I suspect we will find we don't need additional tests in this case - it is just the existing tests would need changing.

marqh commented 8 years ago

Hello @matthew-mizielinski

The issue you describe is to do with element wise operations (in this case multiply) working with biggus arrays and python numbers However, all the tests are explicitly passing in numpy objects, e.g. np.int32

I expect tests in the test file you have submitted to obey the numpy casting rules. So, Test.test_float32 passes Test.test_int32 fails.

I don't think this is a bug

A test set which passed in python numbers, 1, 2.2, should behave as numpy would behave.

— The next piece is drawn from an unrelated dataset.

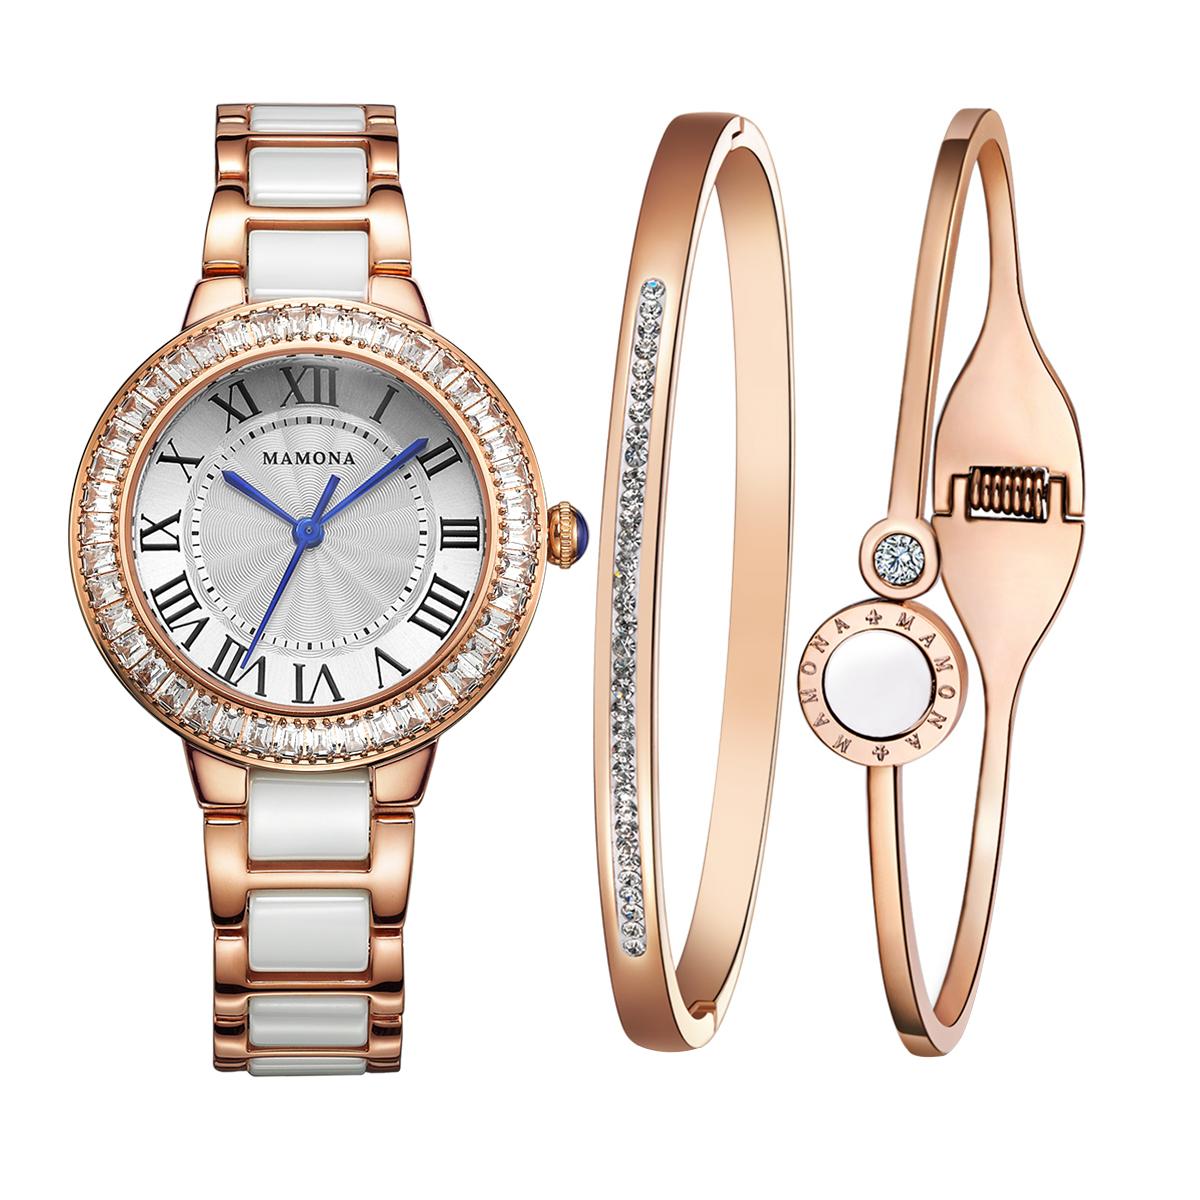 Mamona Women S Watch Bracelet Gift Set L68008rggt Mamona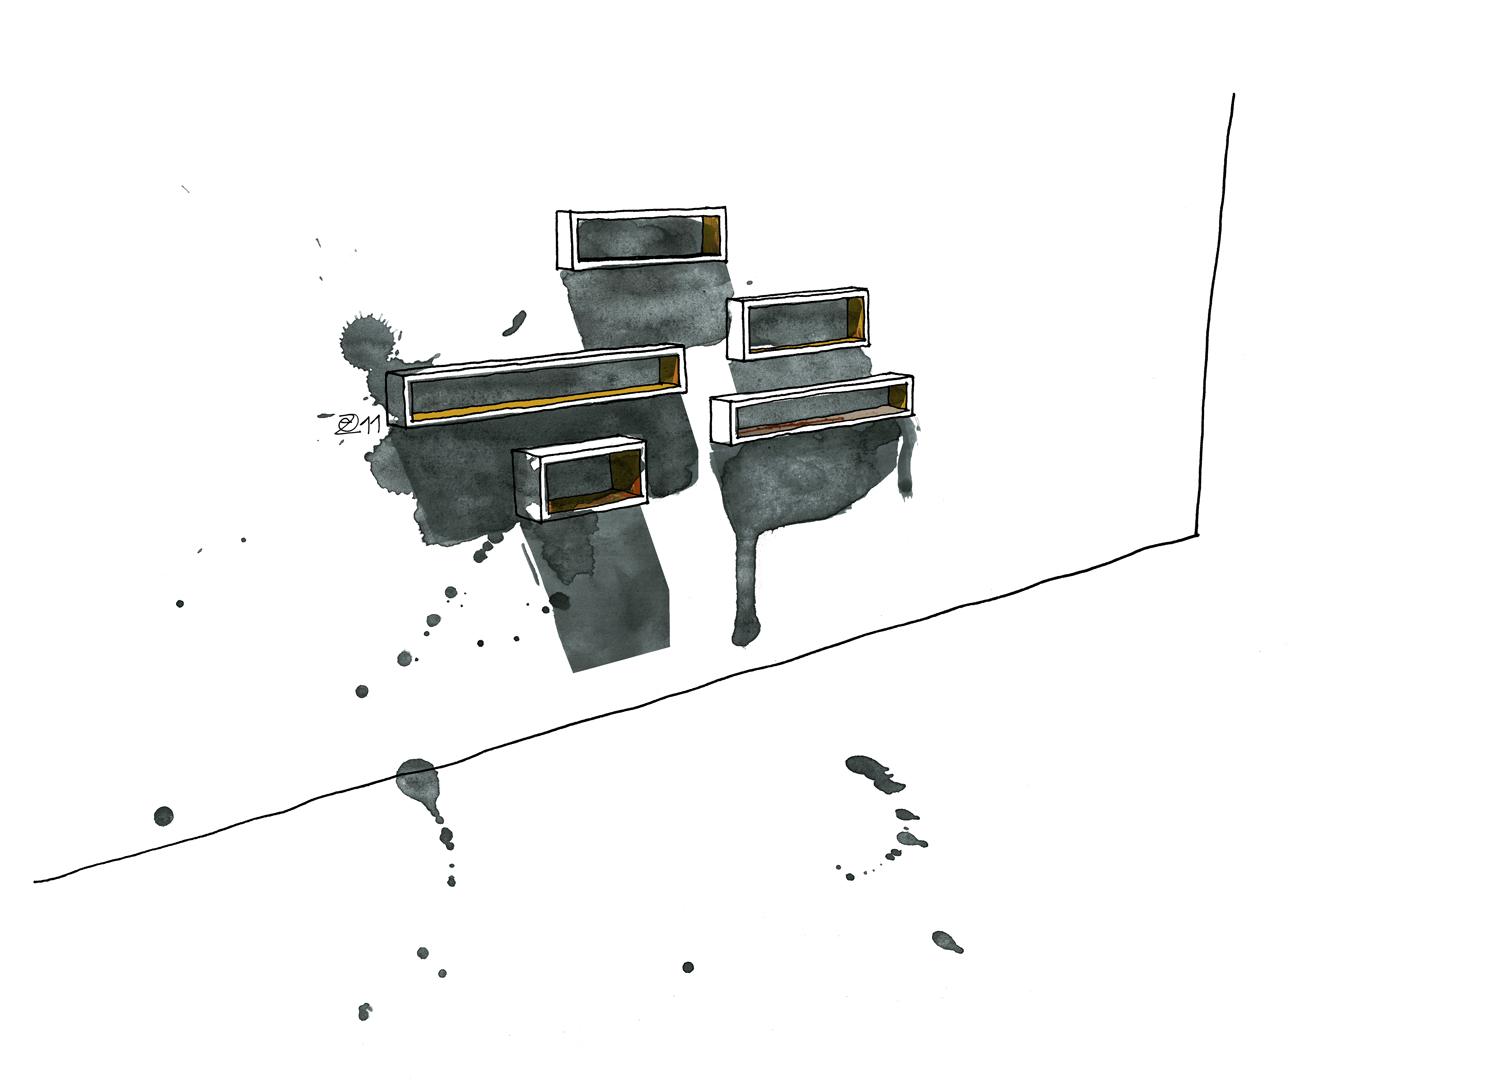 Designermöbel handgefertigt nach Maß in Berlin. KERTI Wall Mounted Shelves made from Berlin floorboards. Design and furniture design illustration by Studio KERTI. Architect and Designer Maker in Berlin.

I think that #169 delivers this behaviour, and that this was the initial concern you raised

Please may you re-examine these tests, rebasing to master, and consider whether the tests are addressing the behaviour you want them to.

I would like to have my assertion that #169 fixes this problem confirmed or challenged

many thanks marq

pelson commented 8 years ago

I think this issue was solved by #169. Please feel free to re-open if I'm wrong.